Congrats on the 20-miler! And on registering :-)

I walked through all the water stops when I ran the marathon and I thought it worked well for me. Hope it works well for you, too!
MCM Mama said…
Great job on the run! I'm impressed you ate real food. I can barely eat sharkies, so I have to rely on gels.
Cyndi said…
20 miles...I can't imagine! :-) Something to aspire to some day!

Thanks for stopping by my blog...my first seven miler was a success!
Amy said…
Awesome job on the 20 miler!!!!! I am just like you, regarding signing up for races early... (although I did sign up for St. Louis early, because they'll put your name on your bib if you do so). I have signed up for almost all my marathons the week of the race. I was just always afraid that I'd jinx myself, ya know?

Anyway, congrats again! Doesn't it feel awesome to run 20 miles???? There's nothing like responding to the question... "so what did you do today?" with... "ahhh.. just knocked out a 20 miler and then went about the rest of my day." priceless.

Great job!!
denisermt said…
Found your blog through Running Along. I am marathon mom, too. I just ran my 2nd marathon last month and I will be running my second 1/2 marathon this Saturday.

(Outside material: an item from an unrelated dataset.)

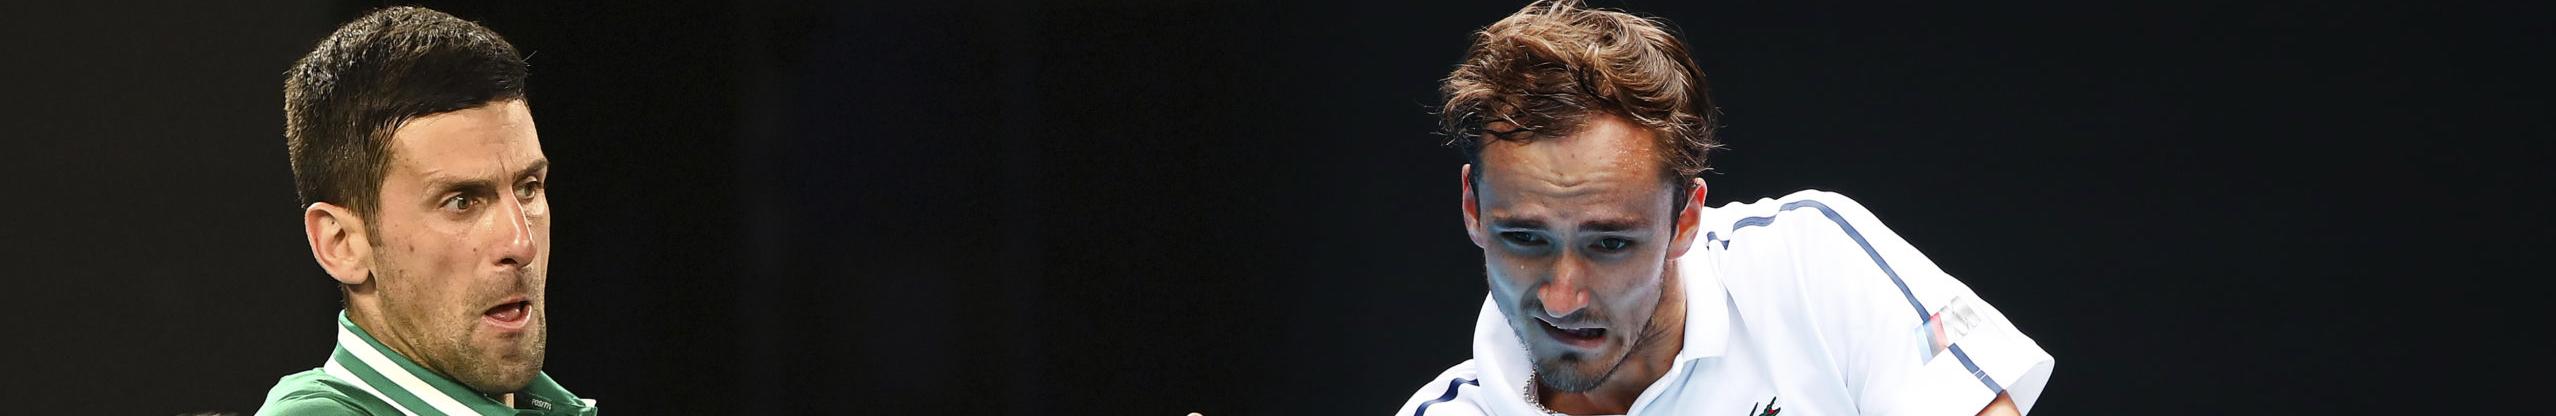 Τζόκοβιτς vs Μεντβέντεφ: Ώρα τίτλου στο Australian Open!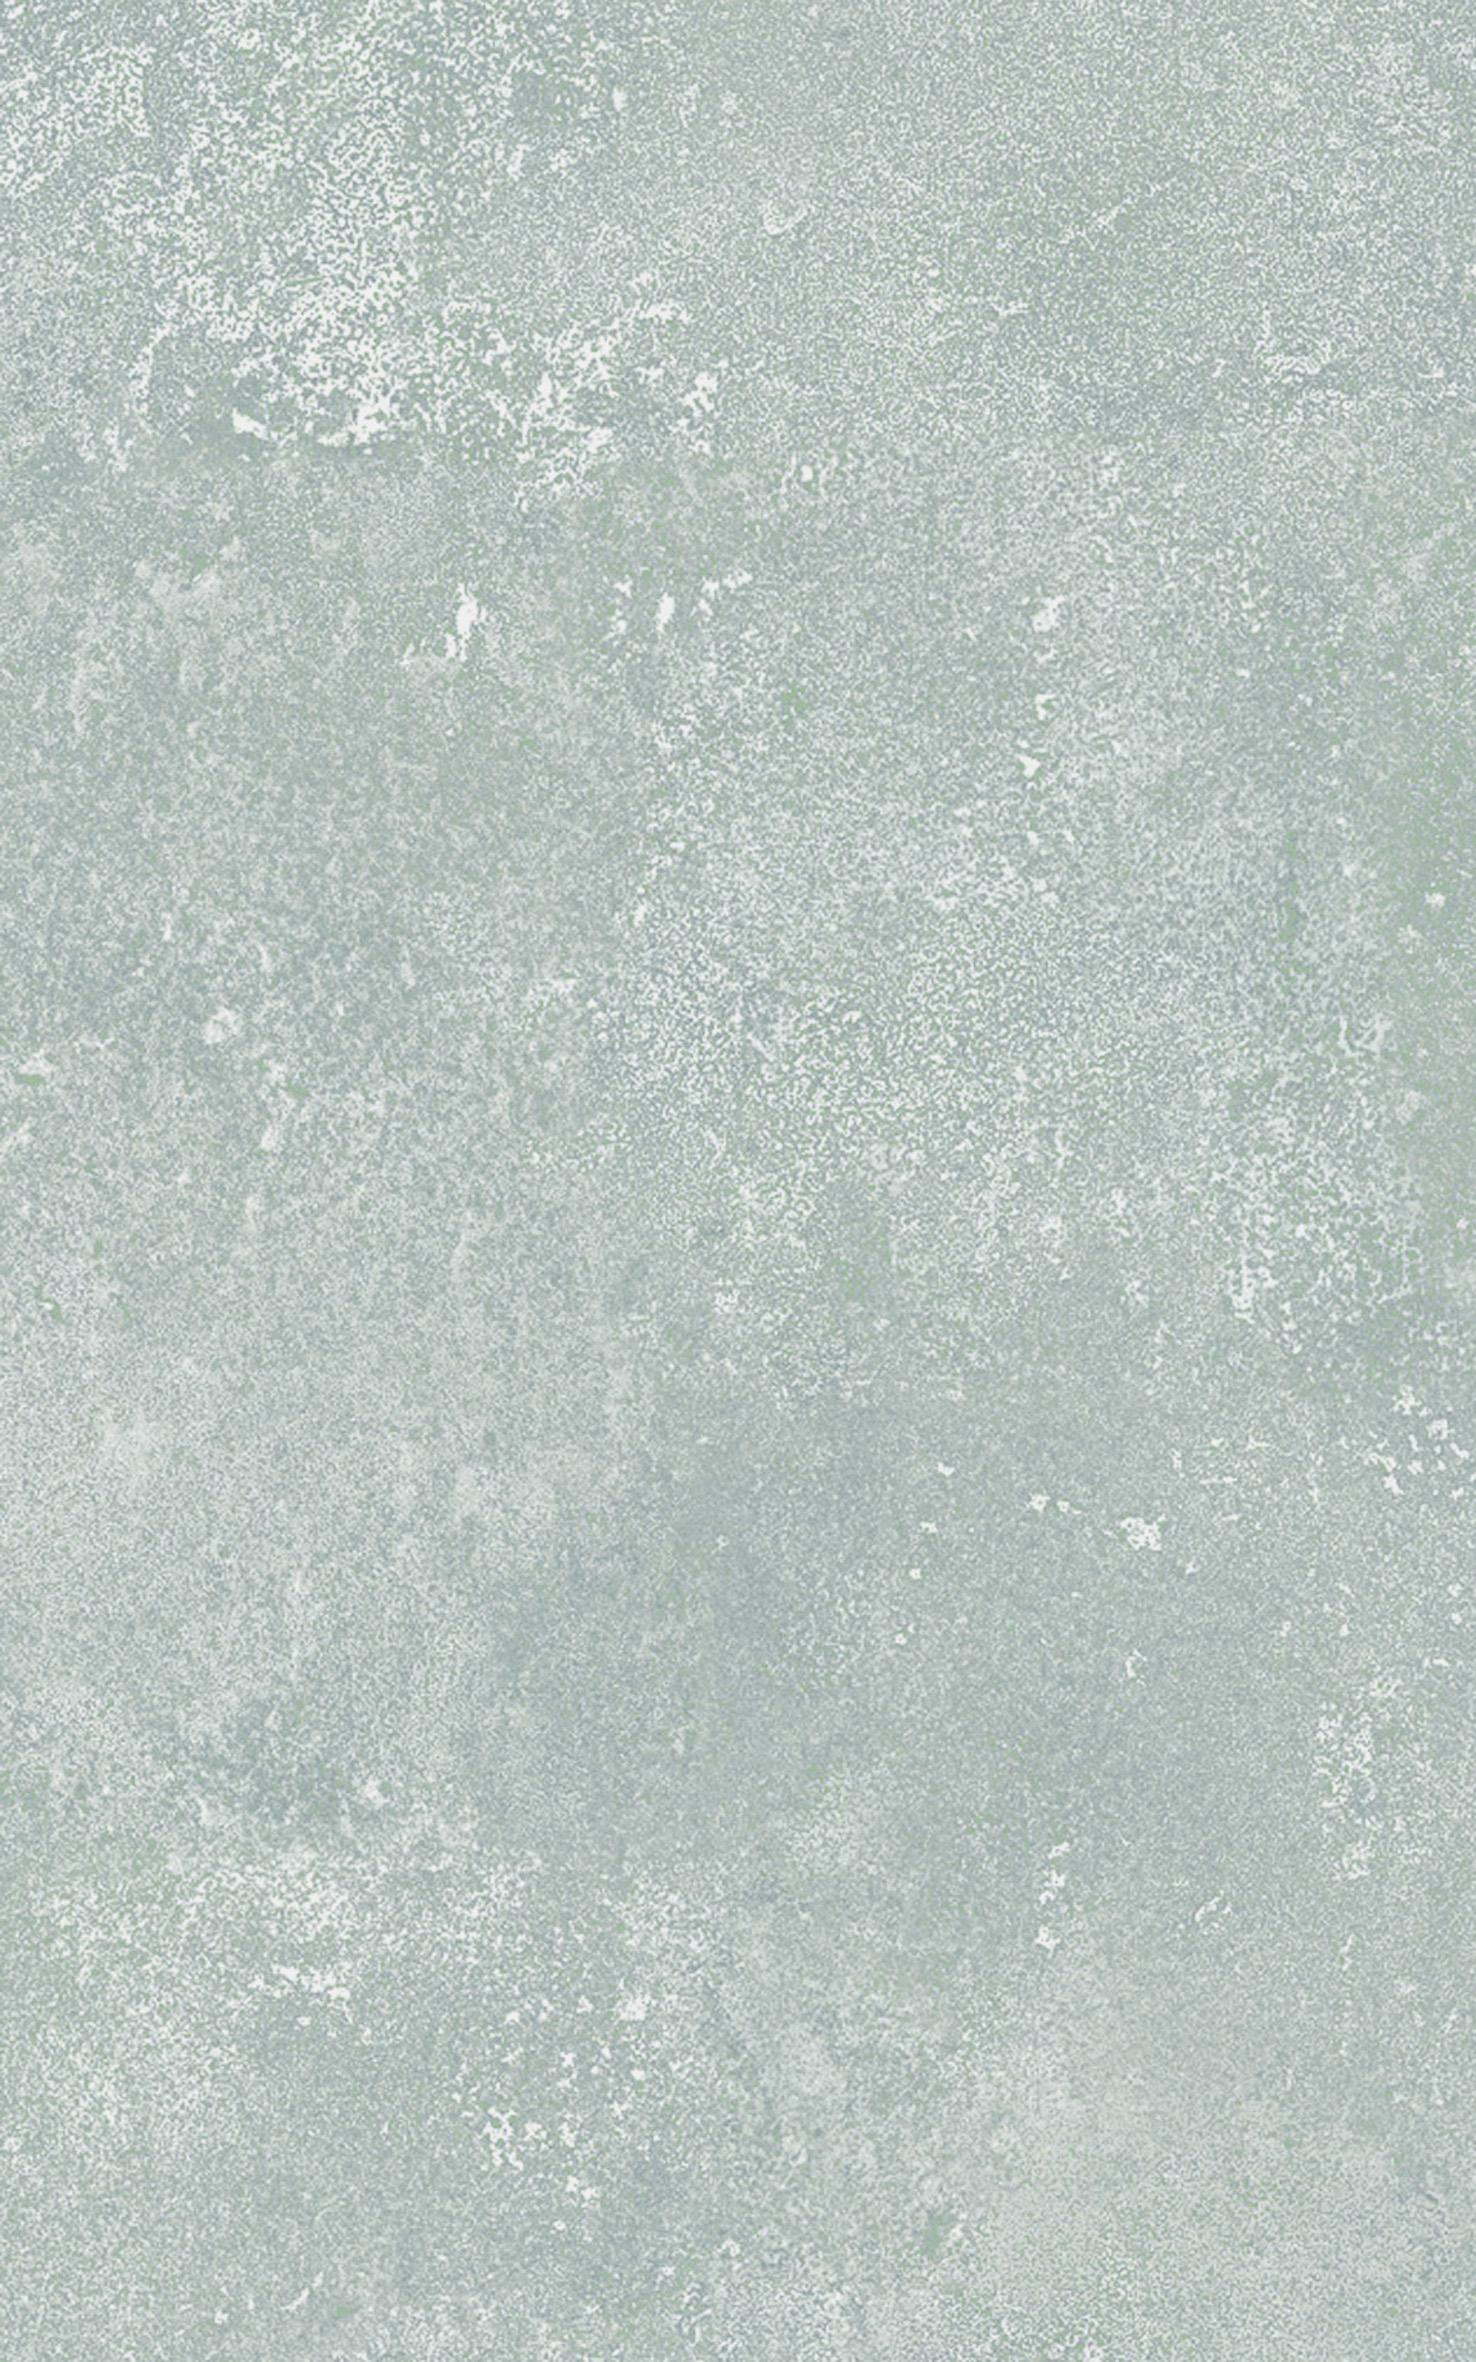 11b Lounge perla 25x40 - Hansas Plaadimaailm

Twenty miles in 3 and a half hours is great! With all your GU,snack breaks and planned water walking stops, it sounds like you are on the right track and will do great for your first marathon. Good luck! :-)

Come visit me! ~Run DMT
kateymwf said…
I'm a running mom too. I'm 32 and will be doing my first full at the CMM. All of my friends are doing the 1/2. I think I'm going to run with the 4:30 pace group too. Our times seem to be quite similar. I did 18 this weekend and have a 20 miler April 4th. Have you ever considered trying to do a negative split marathon? I have just started to think about it, and might try it out for the marathon. I'll try to say hi at the marathon if I see you in the 4:30 pace group. I don't really talk while I run though, takes too much out of me.